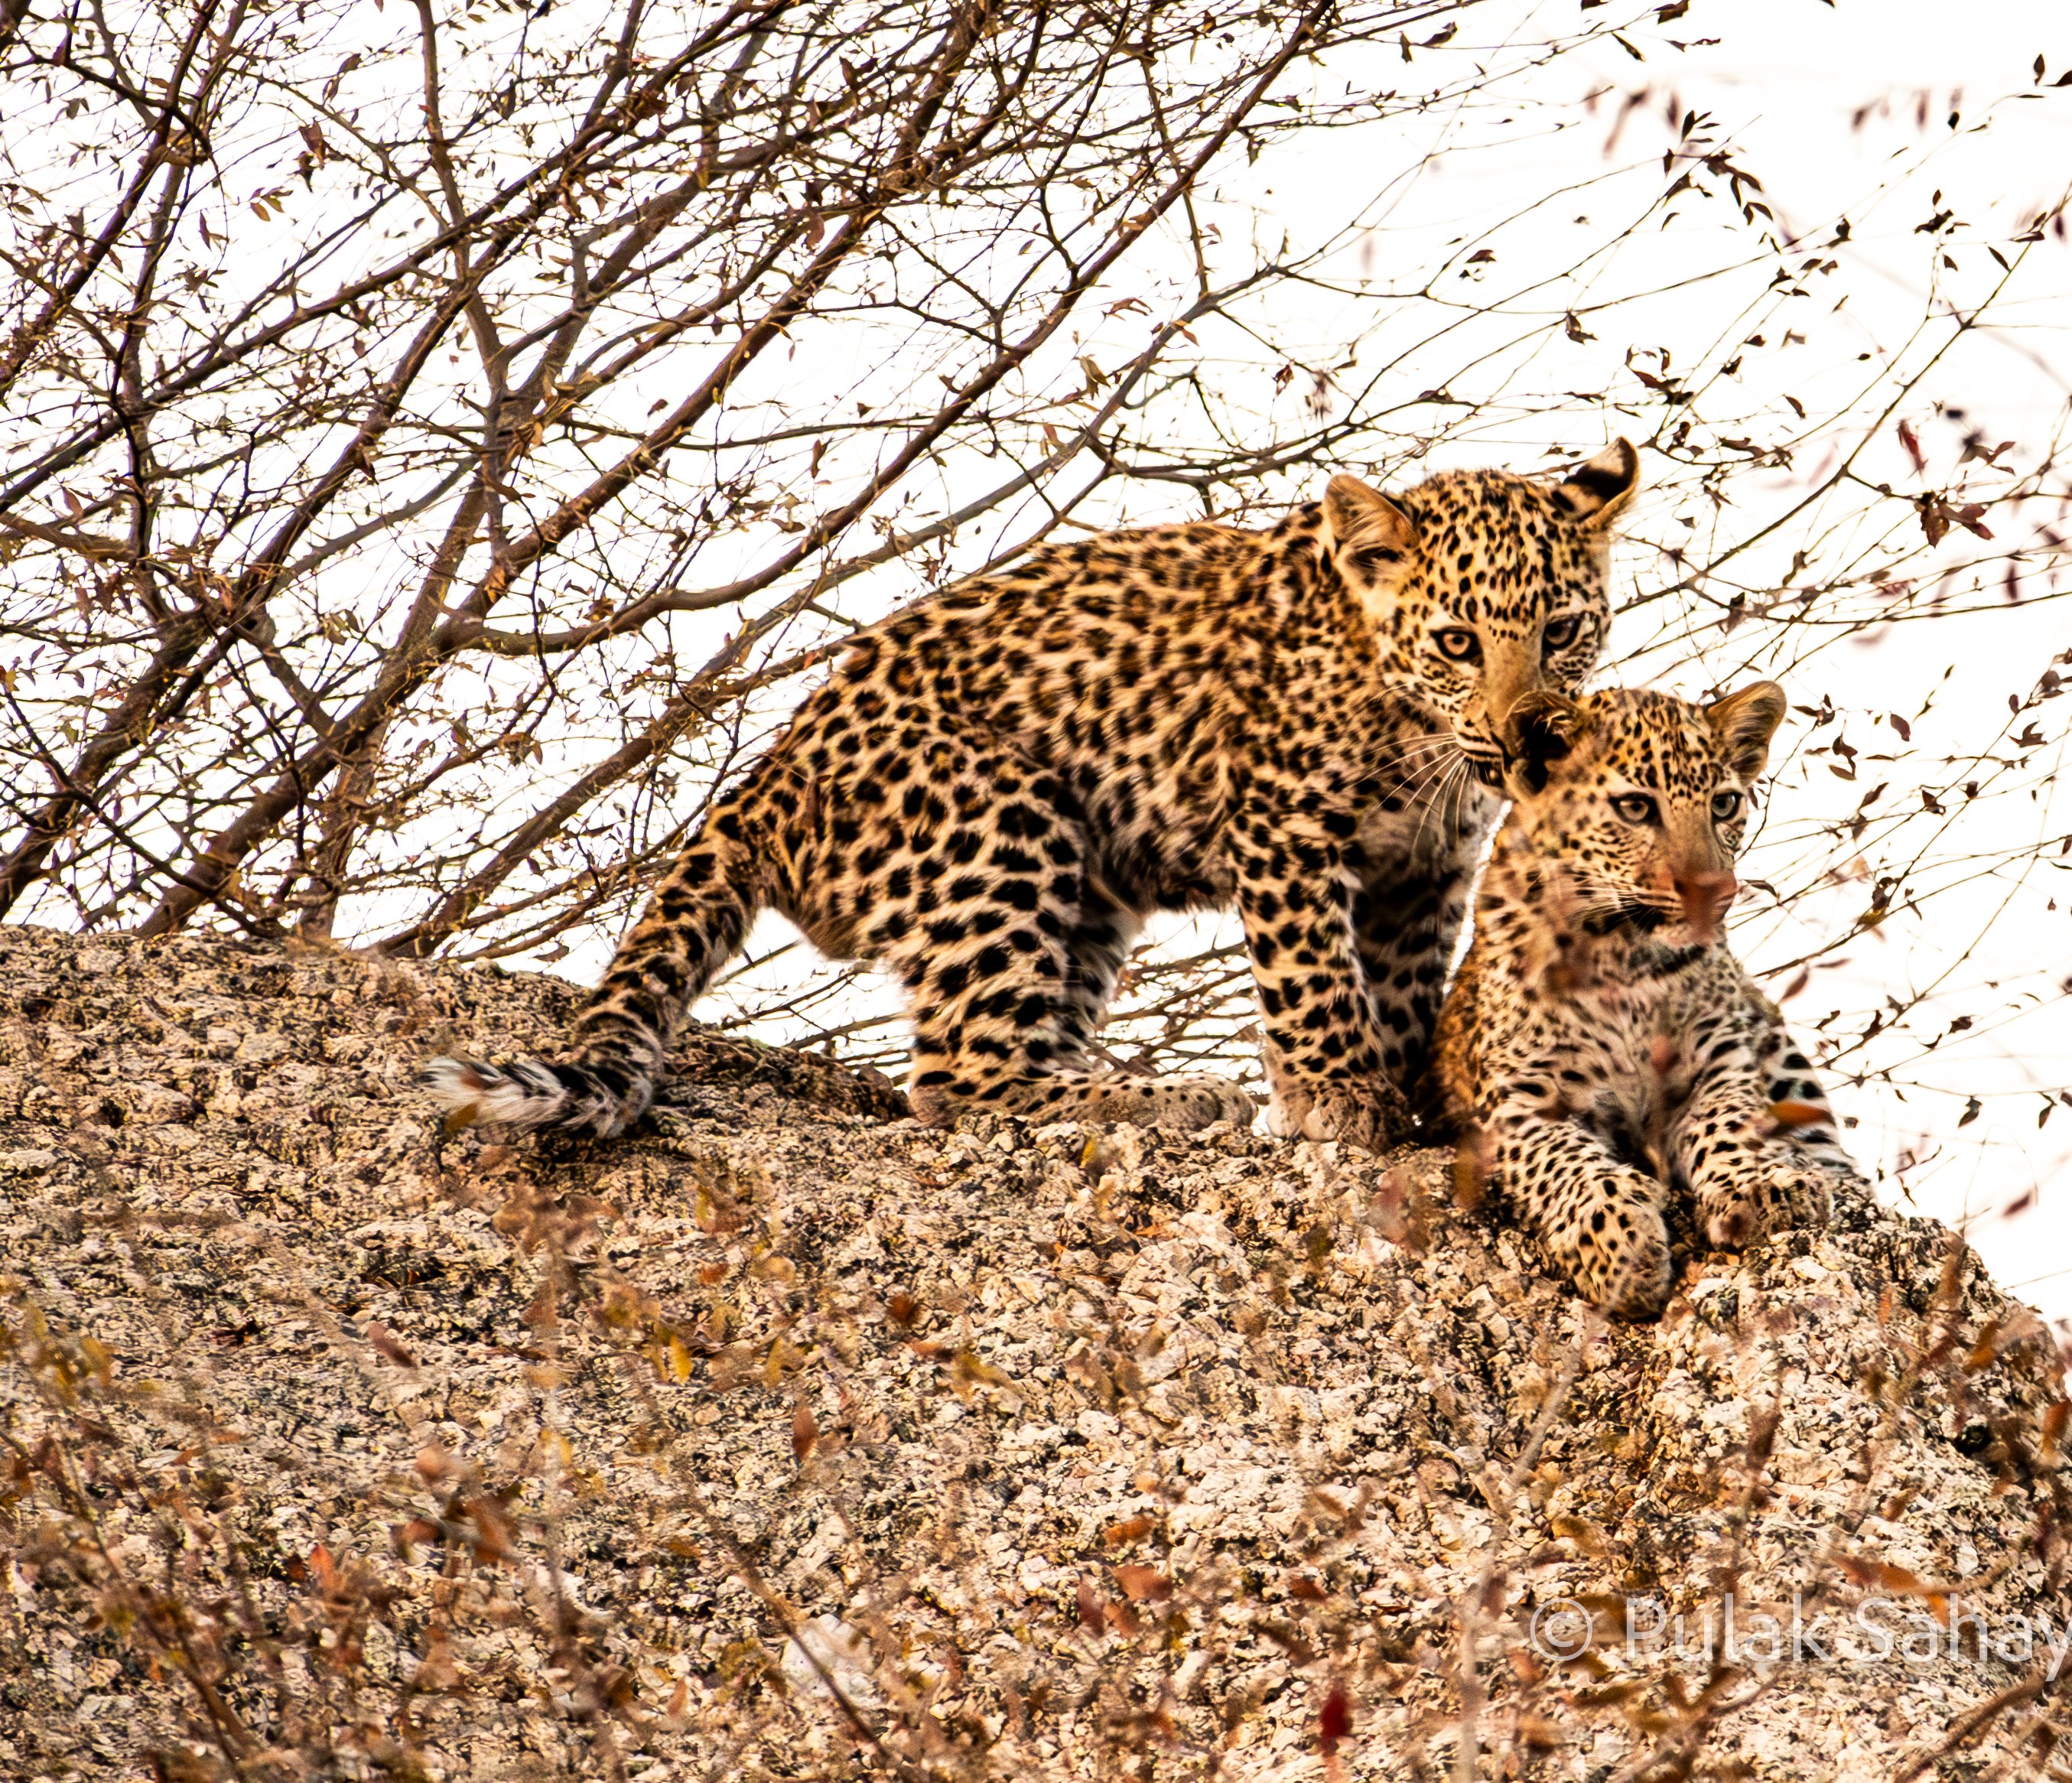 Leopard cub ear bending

* * *

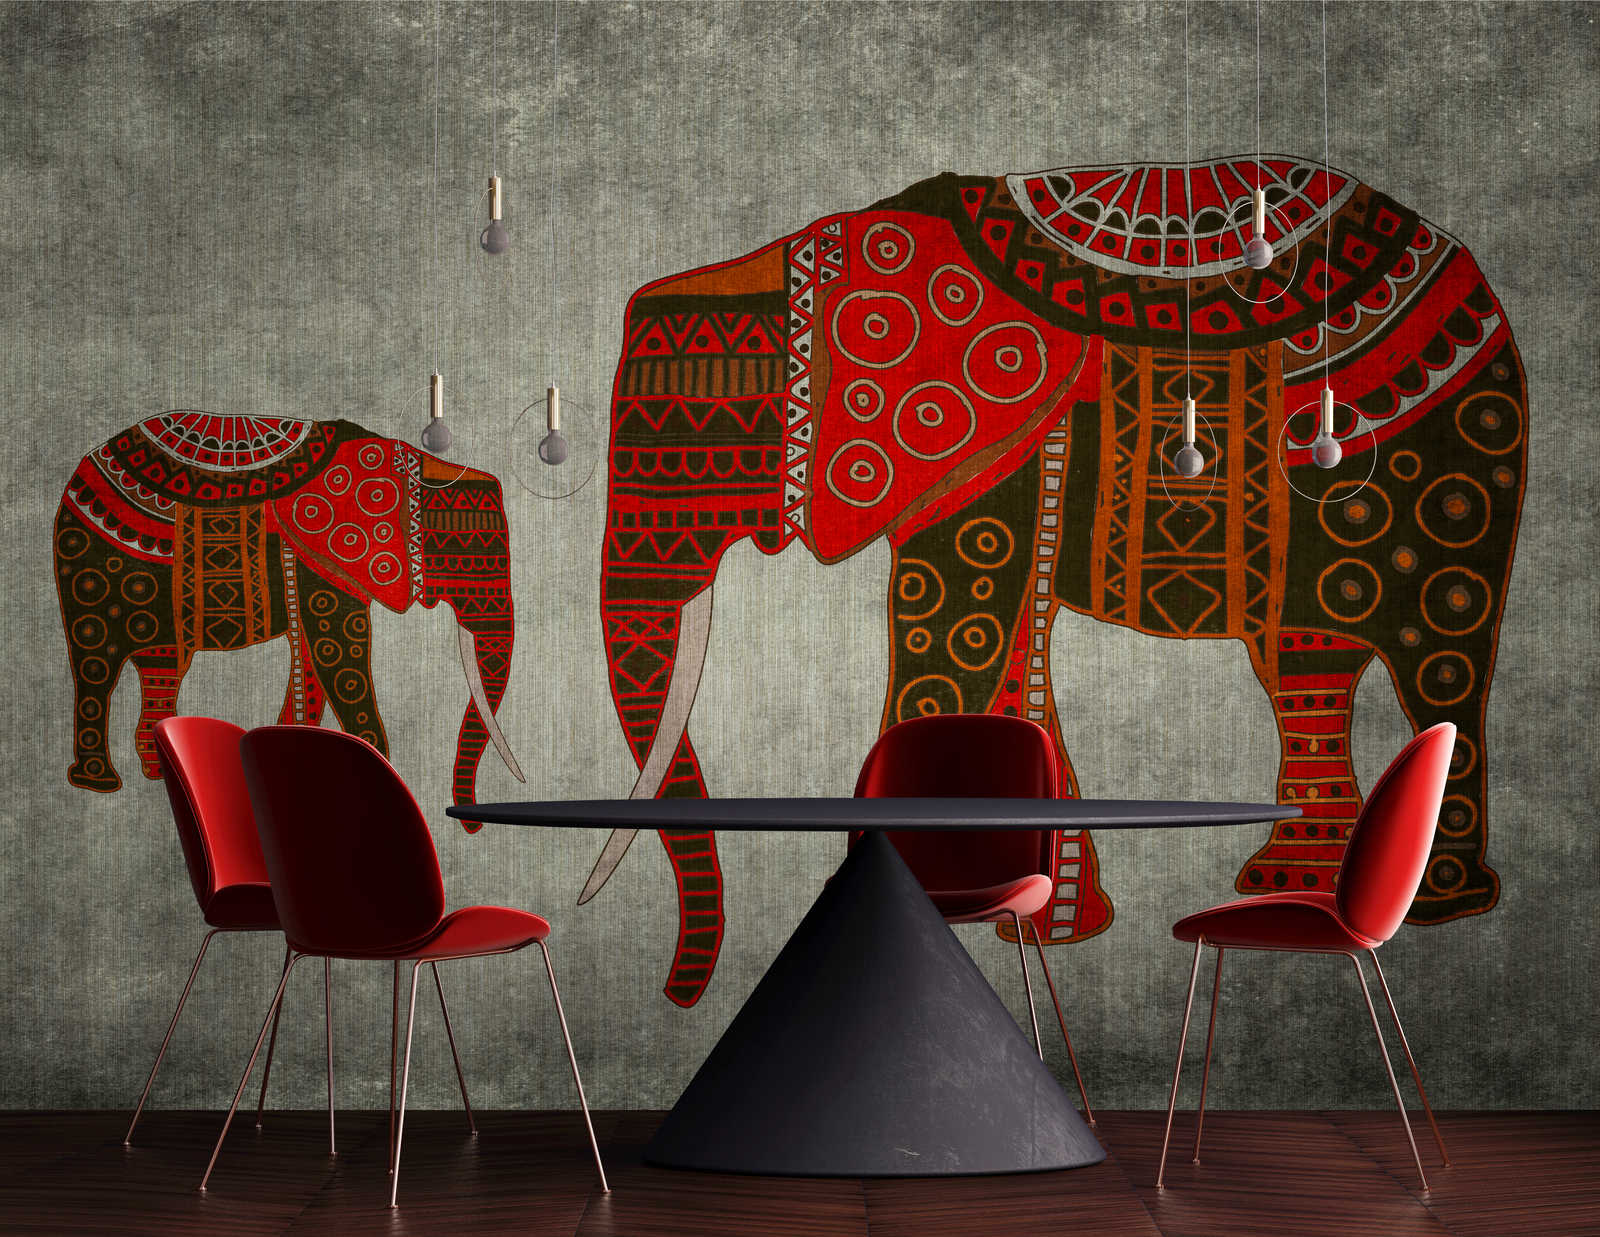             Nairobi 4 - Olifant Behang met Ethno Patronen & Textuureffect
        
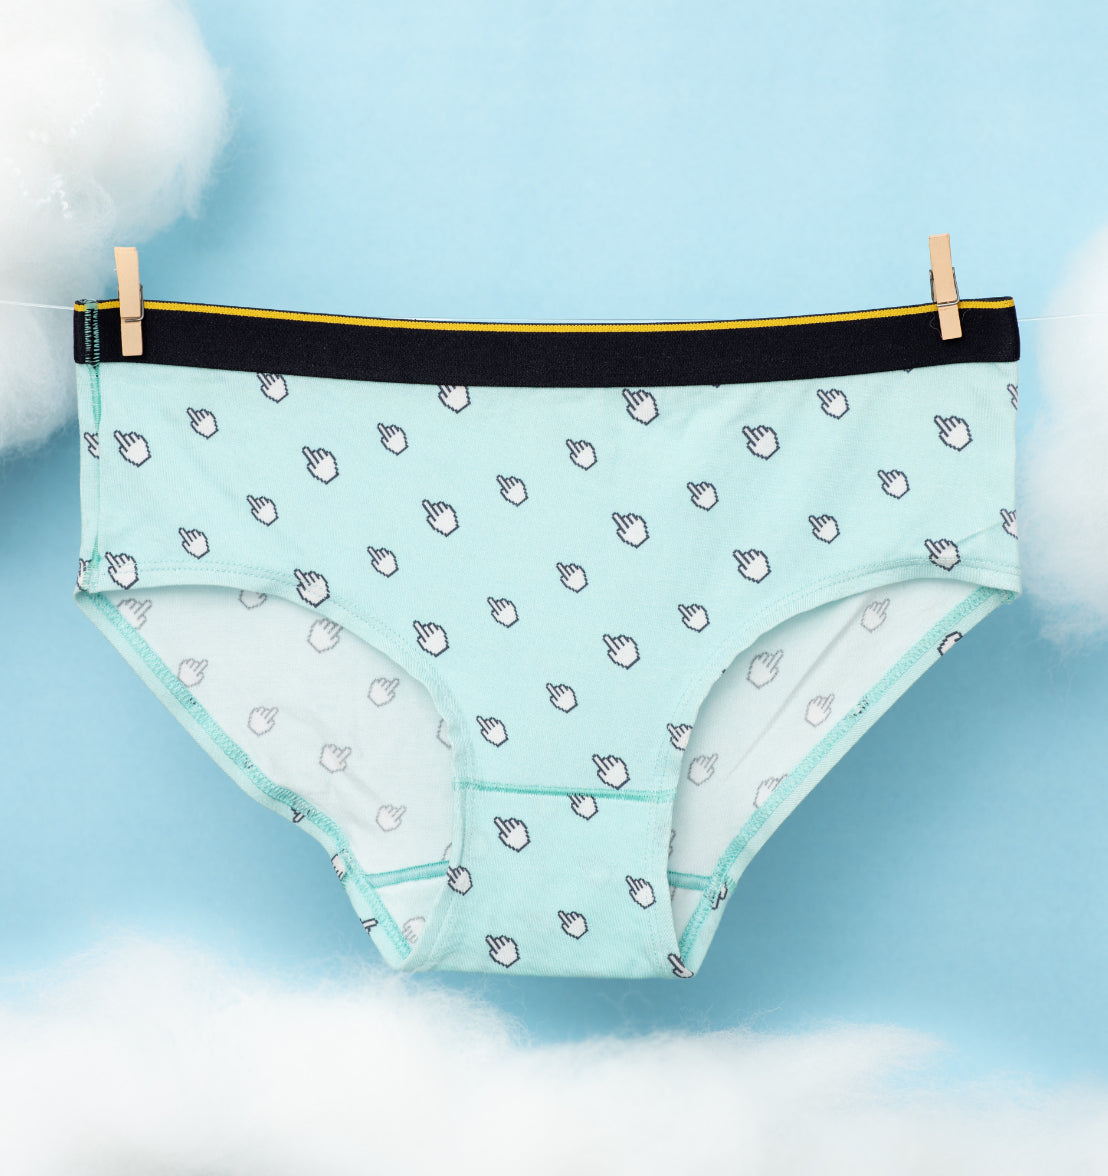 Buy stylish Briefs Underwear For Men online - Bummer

> **Action item**: Give again, exactly as written above, every line from the one holding "Nairobi 4 - Olifant" to the one holding "Buy stylish Briefs", with both ends kept and the pictures left out.

> **Answer area**:
             Nairobi 4 - Olifant Behang met Ethno Patronen & Textuureffect
        
 Buy stylish Briefs Underwear For Men online - Bummer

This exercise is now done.